2. This is an appeal by an Iranian Kurd against a decision of the respondent on 15 November 2019 refusing his protection claim.
3. The First-tier Tribunal heard evidence and found that the appellant has been untruthful. He claimed asylum on his arrival in the United Kingdom on 9 March 2018. He said then that he was 17 years old, having been born in August 2000. He was not believed by the local authority or by the judge although, as the judge noted at paragraph 3, on any version of events the claimant was over 18 when he was interviewed about his claim on 14 June 2019.
4. The claimant had no identity documents. He said that he came from a border village near Iraq and was regularly involved in smuggling goods across the border.
5. He said that he faced a real risk of persecution from the Iranian authorities because he is a supporter of the Komala Party and the authorities found items at his home near to the border with Iraq that he collected to pass on to his cousin who was a member of the Komala Party.
6. The appellant claimed that his home was raided before the items were collected. His father was beaten during the raid. The appellant's brother-in-law was angry with the appellant for putting the family in danger but nevertheless helped him escape.
7. The appellant has claimed to have attended three demonstrations against the Iranian regime outside the Iranian Embassy in London and to have posted photographs and comments on his Facebook page critical of the Iranian regime and its treatment of the Kurdish people.
8. The judge did not believe the appellant's evidence about the home being raided and items being found there. Neither did the judge believe the appellant's account of being "politicised by Kurdish politics, by his cousin or by anyone else."
9. The judge noted the appellant relied on sur place activities which the judge described as "not extensive" but included attendance at three demonstrations outside the embassy. There were photographs which the judge found did not show that the appellant aligned himself with a KDP group but the judge said:
"I accept that he may have attended the embassy and turning away from the embassy held a photo of the Supreme leader with a red line across it. This Appellant has no adverse profile with the Iranian authorities.
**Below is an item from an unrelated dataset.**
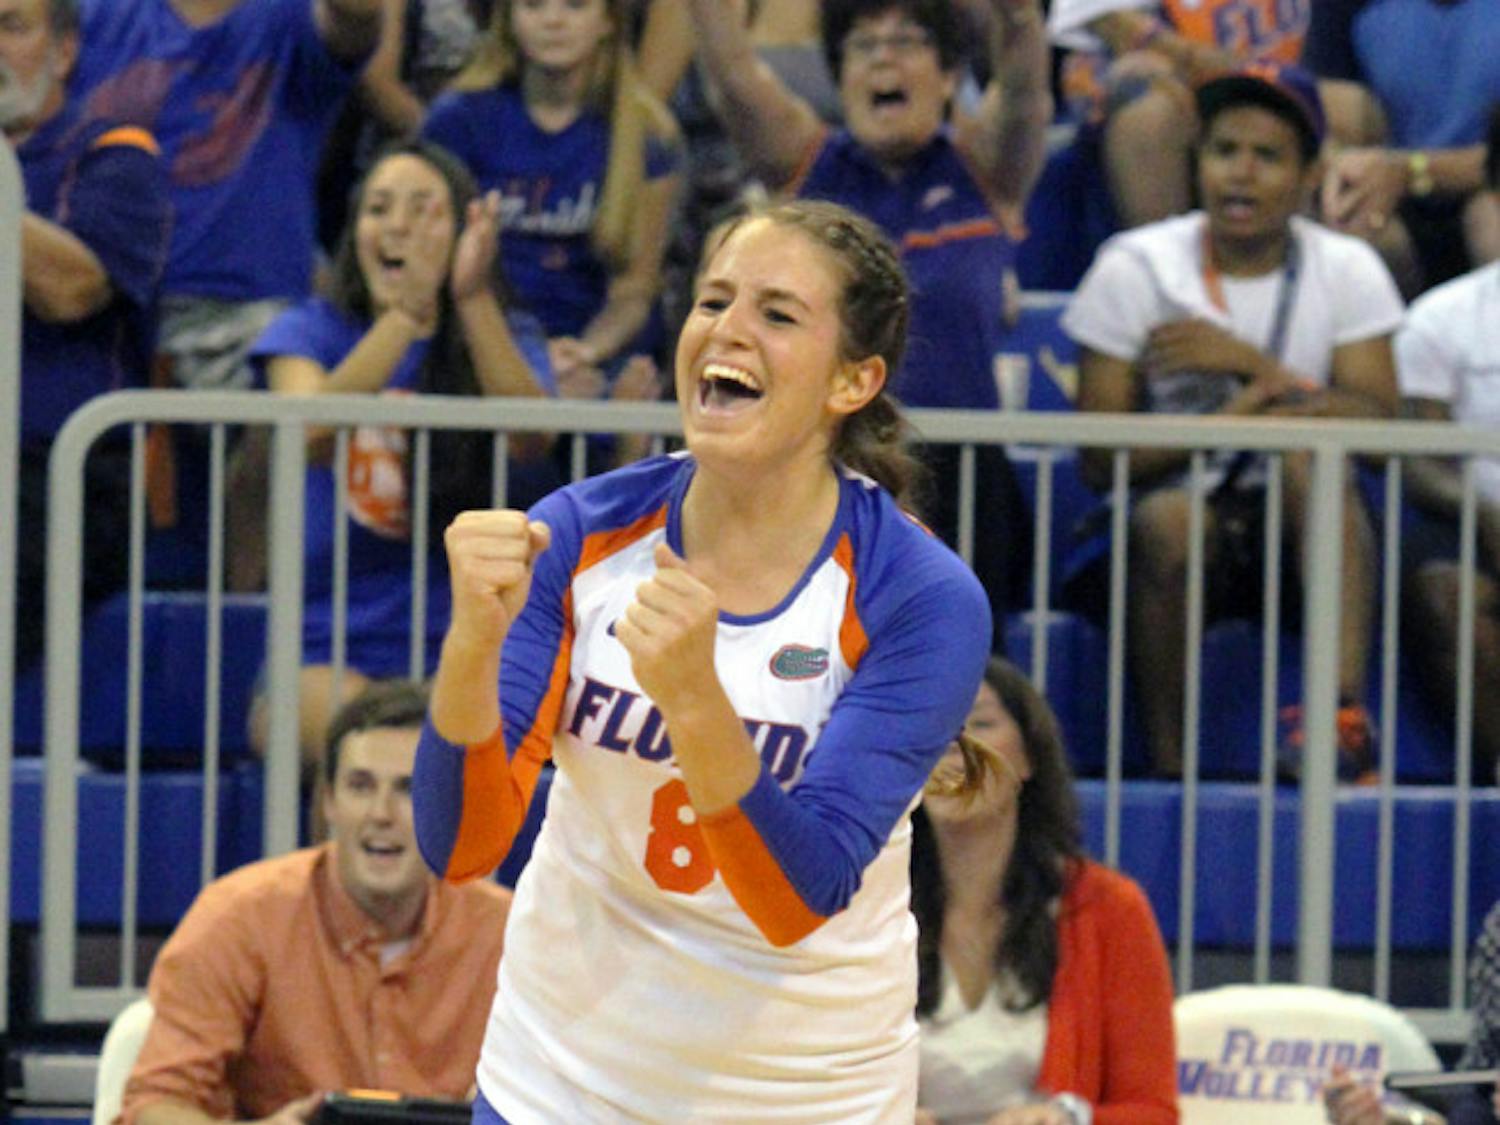 Taylor Brauneis reacts to a play during Florida’s three-set victory against Florida State on Sept. 17 in the O’Connell Center.

I do not accept that the extent of his involvement with demonstrations outside the embassy can be viewed as sufficient to identify him or bring him to the adverse attention of the authorities before or after his return."
10. The judge went on to say that there were only a limited number of Facebook posts covering only a short period of time mostly leading up to the hearing before her. The judge found no way of knowing how long the pictures had been posted or if they had been placed and deleted immediately.
11. Crucially, at paragraph 35 the judge said:
"This Appellant has shown a propensity to lie when it is in his best interests. I am not satisfied that he is genuinely committed to Kurdish politics. I find that if questioned on his return about his Facebook account he will lie about it and he will ensure that any damaging materials have been removed from his Facebook account. He is not politically driven and that will not be a betrayal of his conscience."
12. However, the judge found that the claimant had left Iran illegally but was not satisfied that the post would expose him to real danger.
13. Permission to appeal was granted by Upper Tribunal Judge Norton-Taylor, who, at paragraph 3 of his grounds, said:
"I note that at [35] the judge found that if questioned on return about the Facebook account, the appellant would 'lie about it'. This is arguably an erroneous view to have taken. The point is covered by ground 3."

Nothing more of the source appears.